1.1.1. E ciò, sia per ragioni legate al tenore letterale della disposizione, che si riferisce genericamente all’omesso versamento di “somme dovute”, senza prevedere alcuna limitazione alle compensazioni verticali o orizzontali che estinguano unicamente debiti relativi alle imposte dirette o Iva, sia per ragioni di carattere sistematico, dal momento non può essere condiviso il rilievo, pur formulato da parte della giurisprudenza (…), secondo il quale la disposizione in esame risulterebbe inserita in un testo normativo, quale è il D.Lgs. n. 74 del 2000, diretto a sanzionare unicamente le violazioni in materia di Iva e di imposte sui redditi. Può osservarsi, in contrario, che sono presenti all’interno del suddetto decreto almeno due norme poste anche ad eventuale presidio di tributi diversi dall’Iva e dall’imposta sui redditi: l’art. 10-bis, rubricato “omesso versamento di ritenute dovute o certificate”, e l’art. 11, rubricato “sottrazione fraudolenta al pagamento di imposte” (…).

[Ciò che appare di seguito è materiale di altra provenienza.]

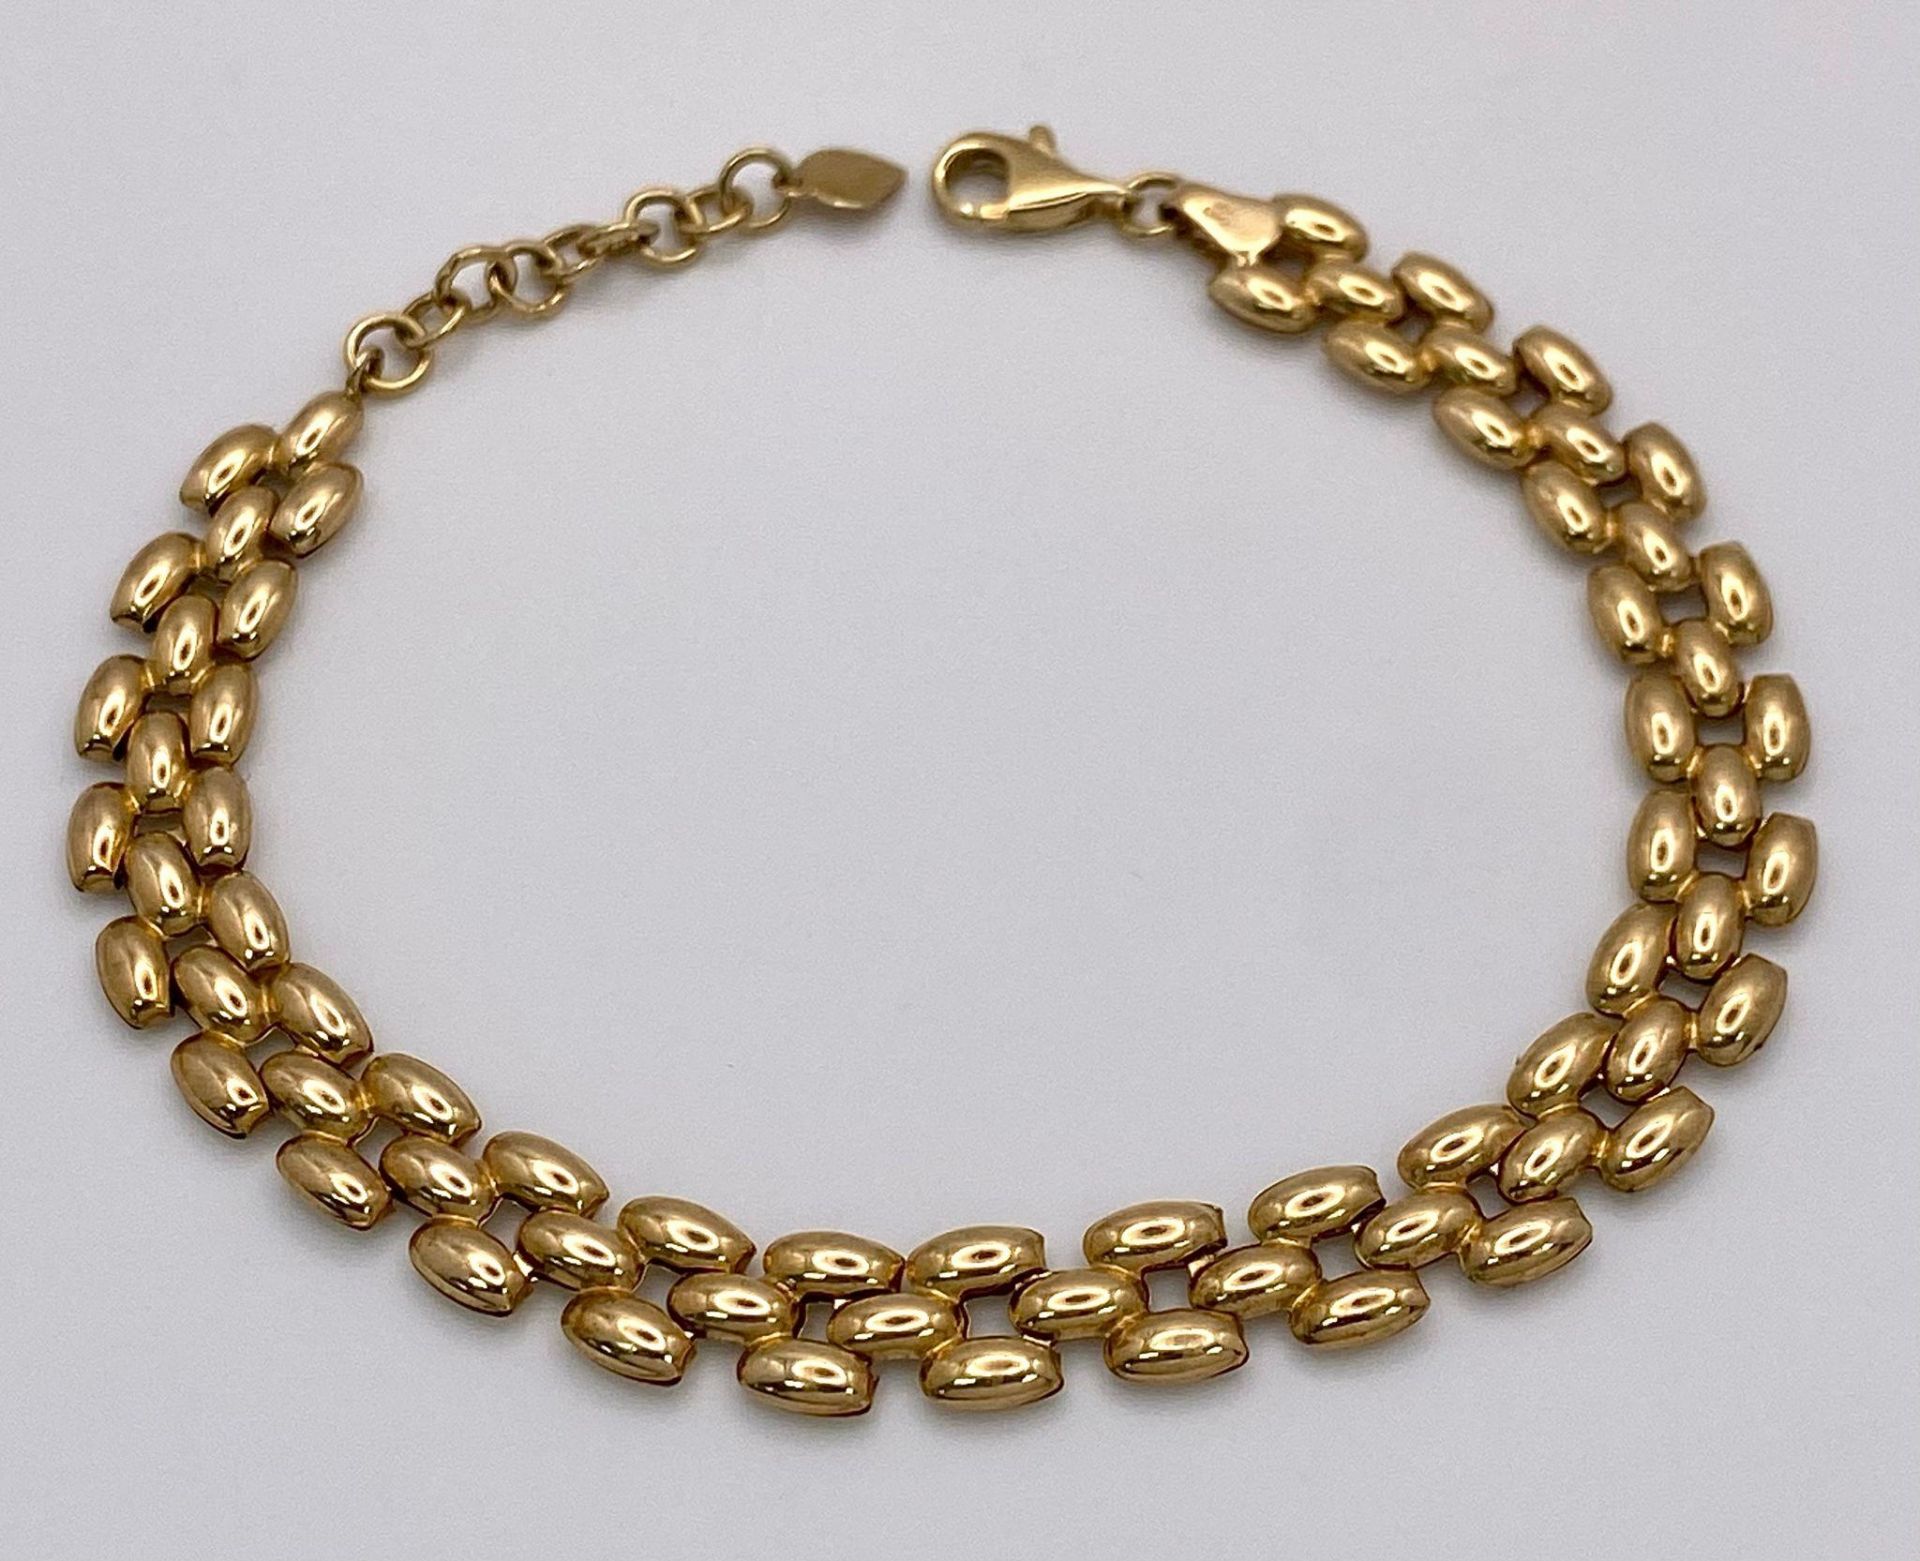 A 9K Yellow Gold Three-Row Link Bracelet. 18cm. 4.5g weight - Image 2 of 4

1.1.2. L’orientamento giurisprudenziale qui non condiviso fa perno anche sulla speciale causa di non punibilità del pagamento del debito tributario (D.Lgs. n. 274 del 2000, art. 13, comma 1), che sarebbe disciplinata in termini incompatibili con obblighi di natura diversa, perchè, parificando le tre fattispecie di cui agli artt. 10-bis, 10-ter e 10-quater del medesimo decreto, confermerebbe che quella contemplata dall’art. 10-quater, come le altre due, punisce sempre e solo l'omesso versamento delle imposte sui redditi e sul valore aggiunto.

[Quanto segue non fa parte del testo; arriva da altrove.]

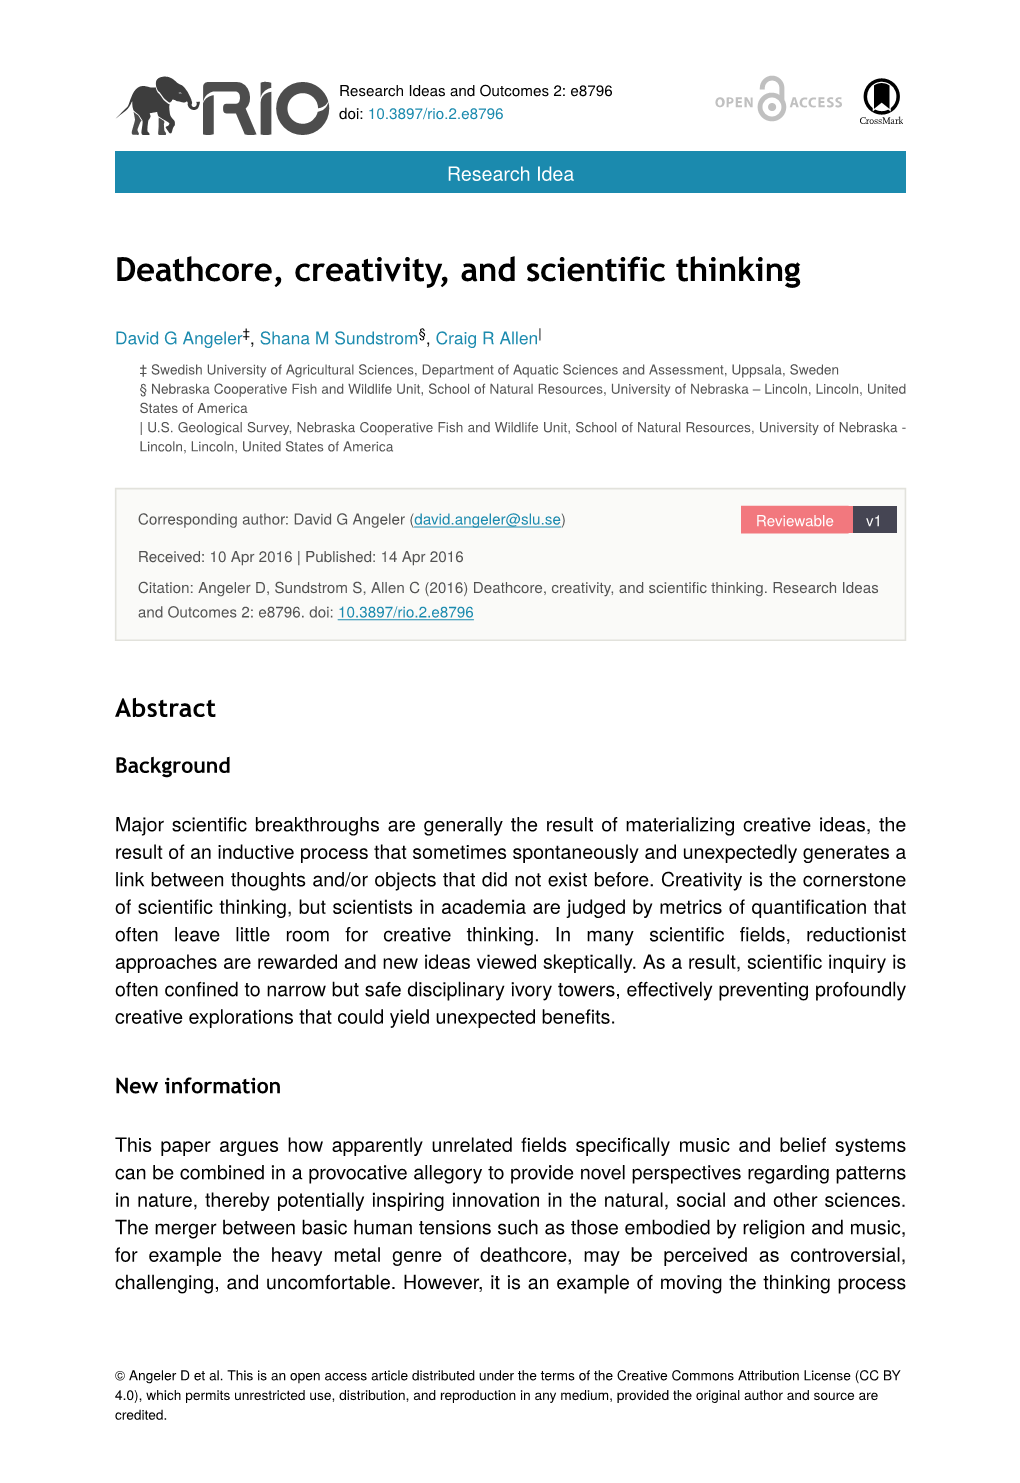 Deathcore, Creativity, and Scientific Thinking

A tale conclusione deve però obiettarsi che il richiamato art. 13, comma 1, si limita semplicemente a prevedere che non sono più perseguibili penalmente le omissioni oggetto delle richiamate fattispecie incriminatorie, quando il contribuente versi integralmente le somme dovute all’Erario, comprese le sanzioni amministrative e gli interessi maturati, prima della dichiarazione dell’apertura del dibattimento di primo grado. Chiaro è l’intento premiale di tale istituto che si muove nell’ottica, condivisibile, di una politica criminale e fiscale volta maggiormente alla tutela del bene giuridico protetto (il corretto gettito fiscale) piuttosto che alla “punizione esemplare” dei trasgressori. La parificazione tra le fattispecie degli artt. 10-bis, 10-ter e 10-quater, risiede, dunque, nel fatto che, per gli omessi versamenti e per l’indebita compensazione, il contribuente ha correttamente indicato il proprio debito tributario, a differenza di quanto invece avviene per i reati dichiarativi, per i quali, il comma 2 del richiamato art. 13 richiede, ai fini della non punibilità, la spontaneità della resipiscenza del contribuente (…).

1.2. Da tali considerazioni consegue la fondatezza della prospettazione del pubblico ministero ricorrente. (…).

2. Per tali motivi, l’ordinanza deve essere annullata senza rinvio, con ripristino dell’efficacia del decreto di sequestro. (…).”